• _Problem requirements_:
Find "Caran d'Ache 849" below and begin at its line; stop after the line with "One of our favorite". Output those lines exactly, without pictures.

• _Source material_:

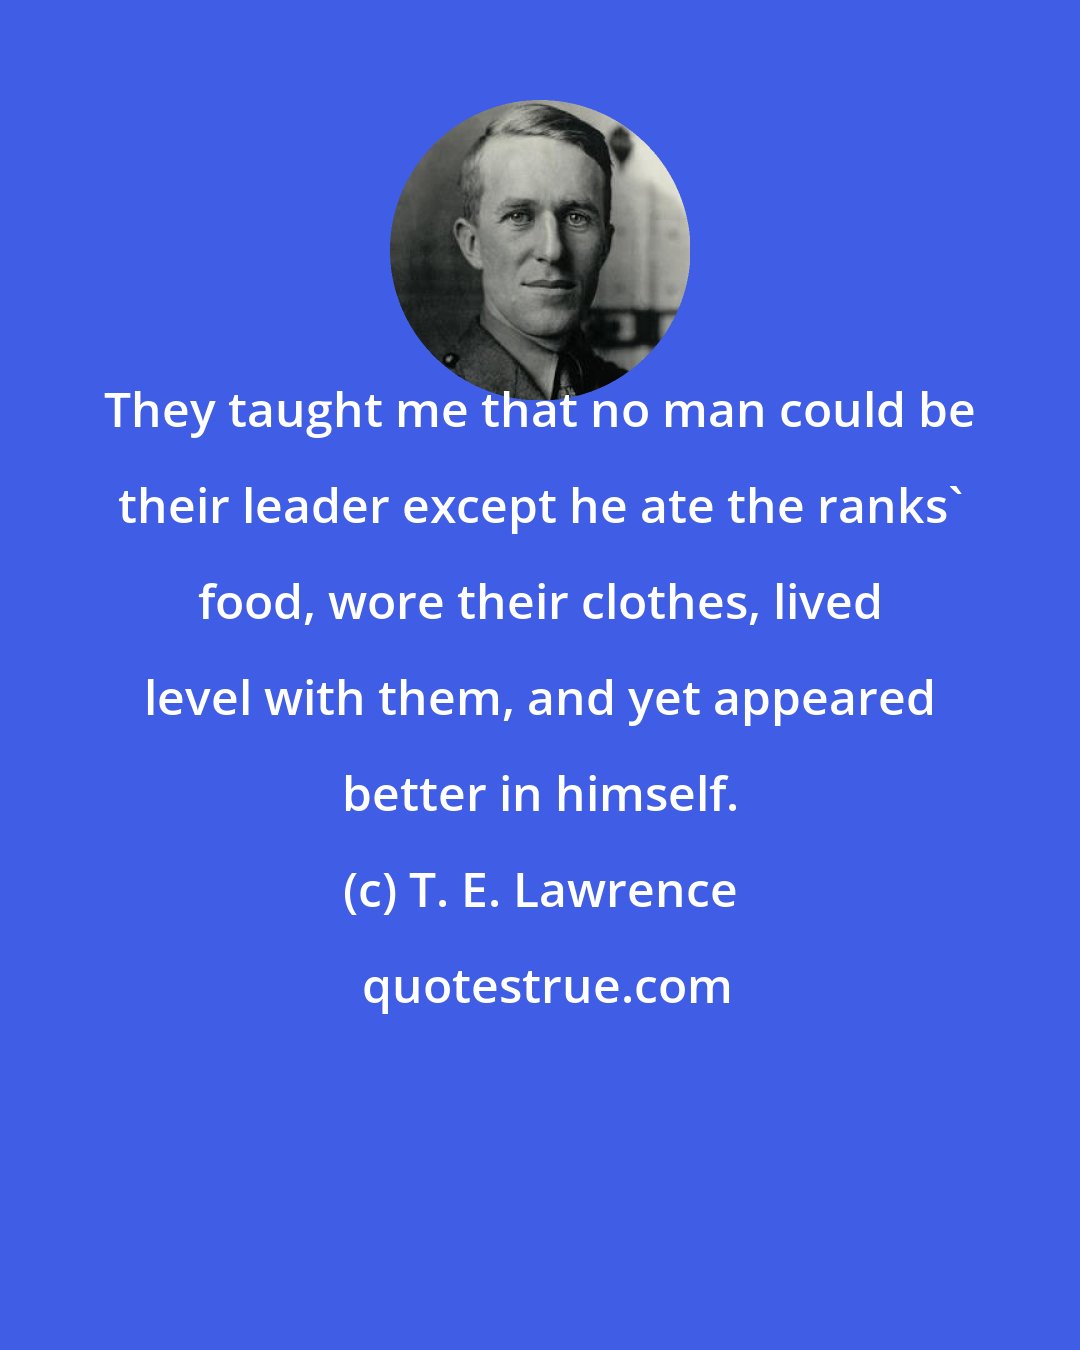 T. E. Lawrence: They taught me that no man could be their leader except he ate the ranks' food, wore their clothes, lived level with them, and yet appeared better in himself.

* * *

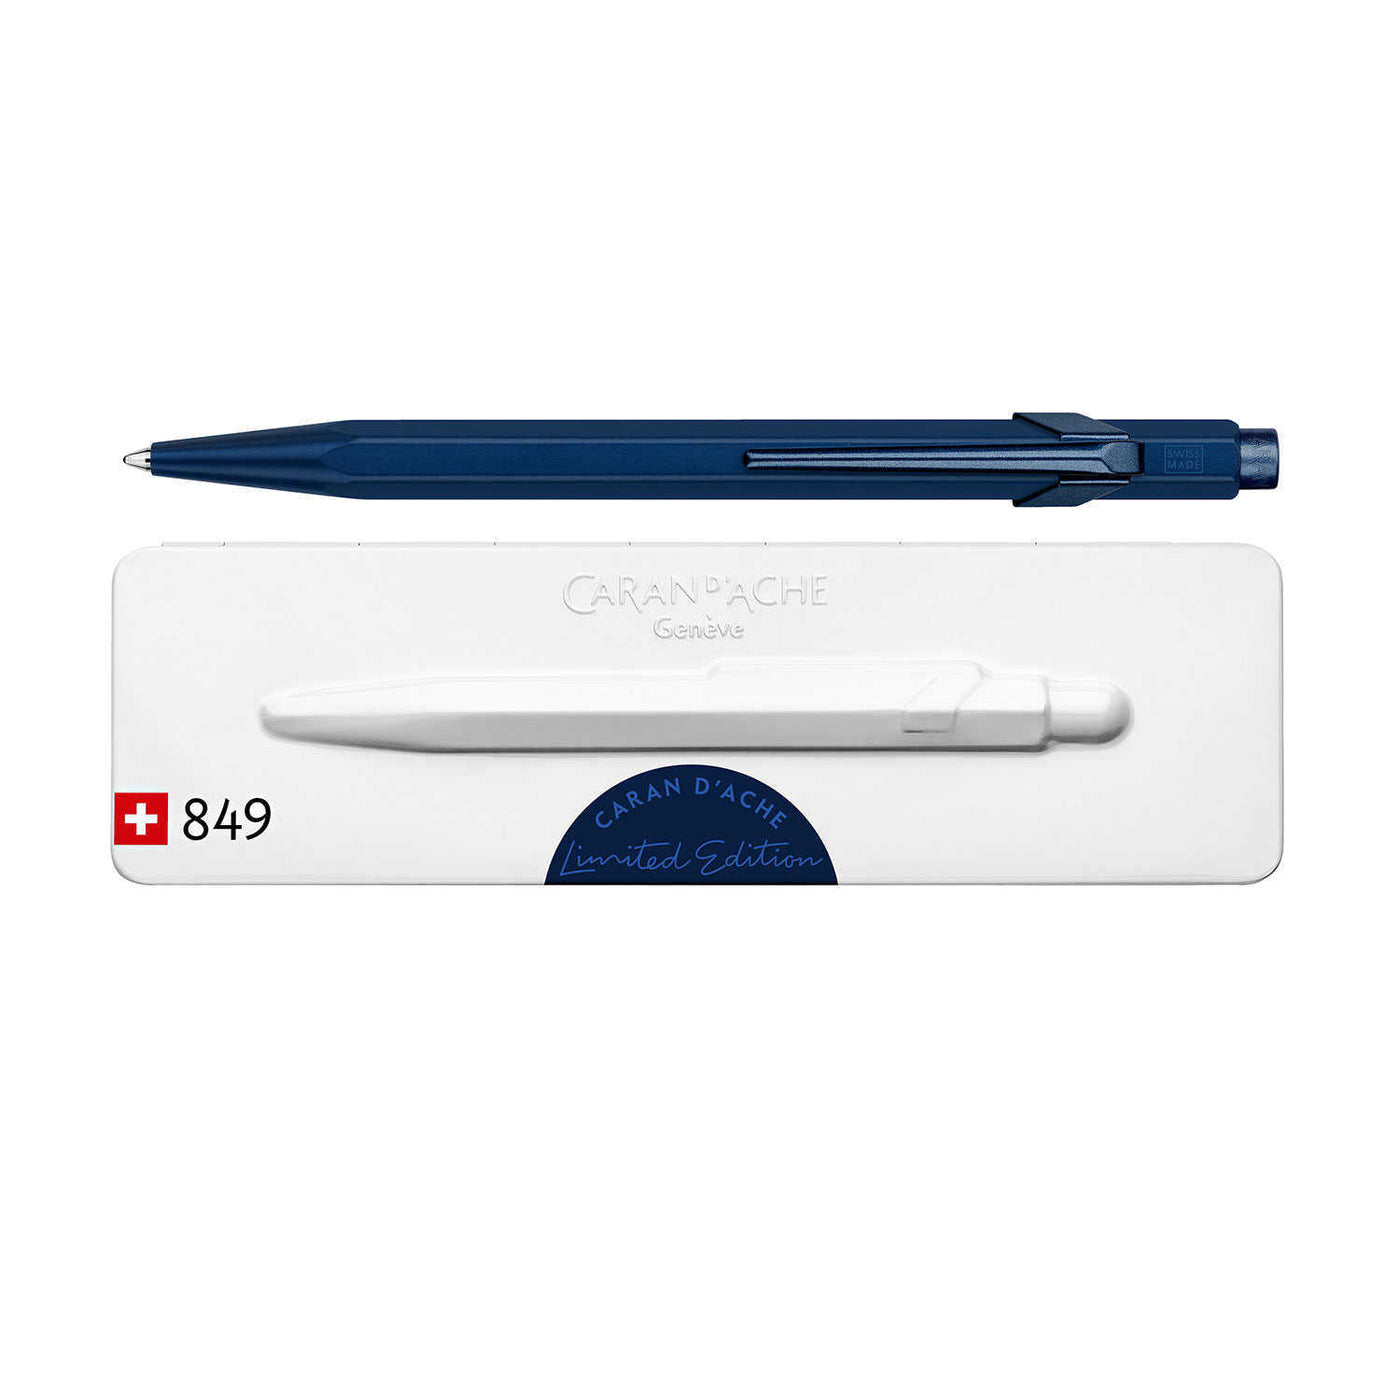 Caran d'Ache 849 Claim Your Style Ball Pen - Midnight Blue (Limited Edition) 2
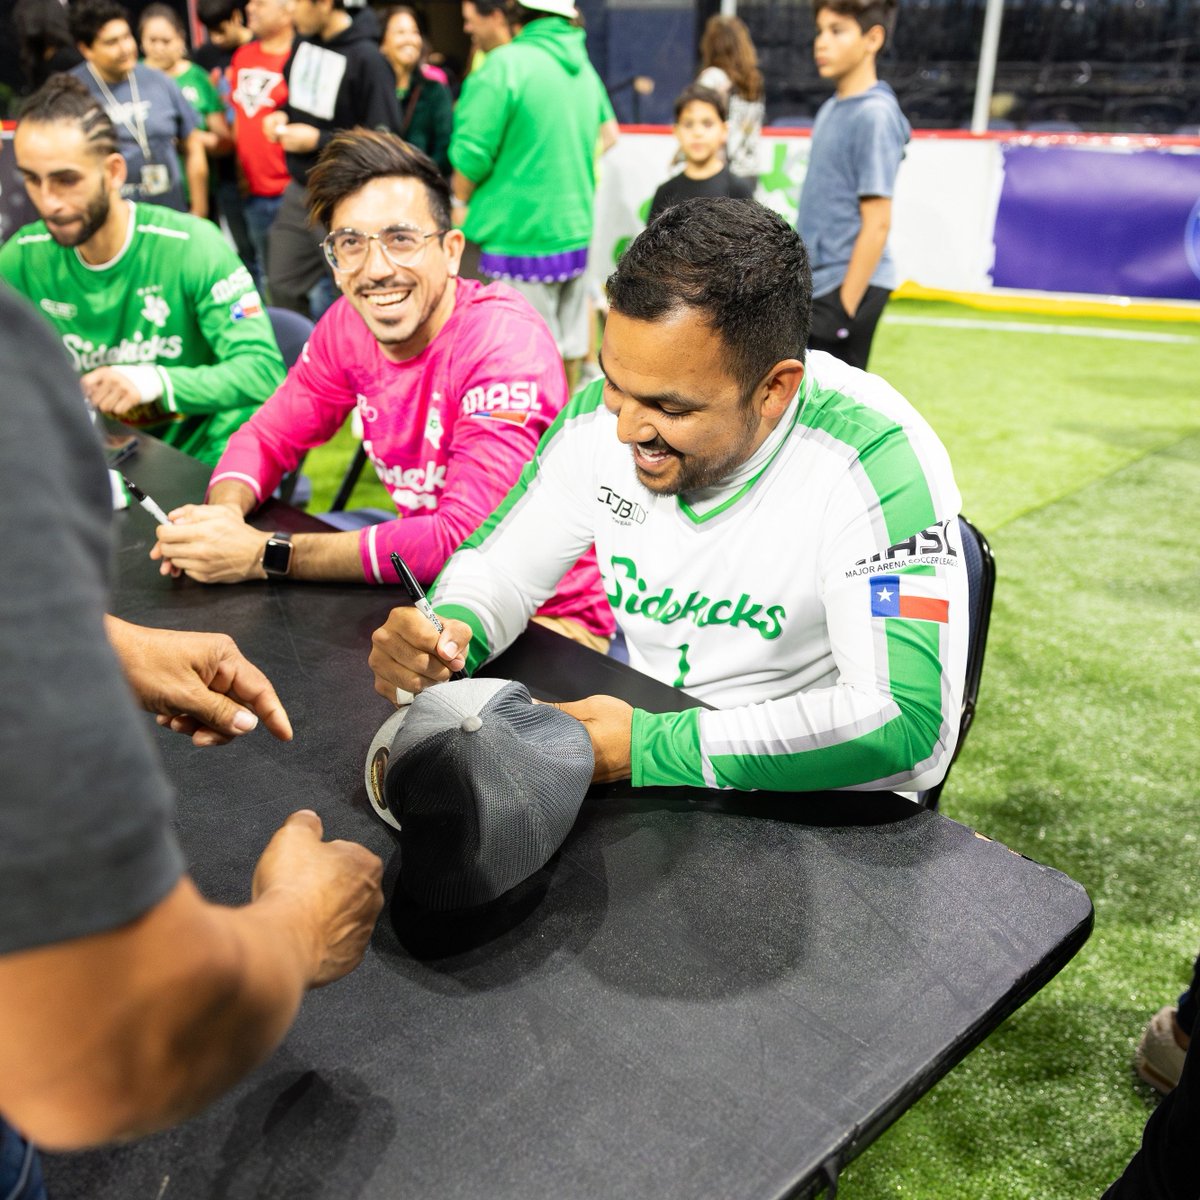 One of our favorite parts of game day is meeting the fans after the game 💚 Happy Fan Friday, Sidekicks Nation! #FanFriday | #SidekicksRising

• _Written solution_:
 Caran d'Ache 849 Claim Your Style Ball Pen - Midnight Blue (Limited Edition) 2
 One of our favorite parts of game day is meeting the fans after the game 💚 Happy Fan Friday, Sidekicks Nation! #FanFriday | #SidekicksRising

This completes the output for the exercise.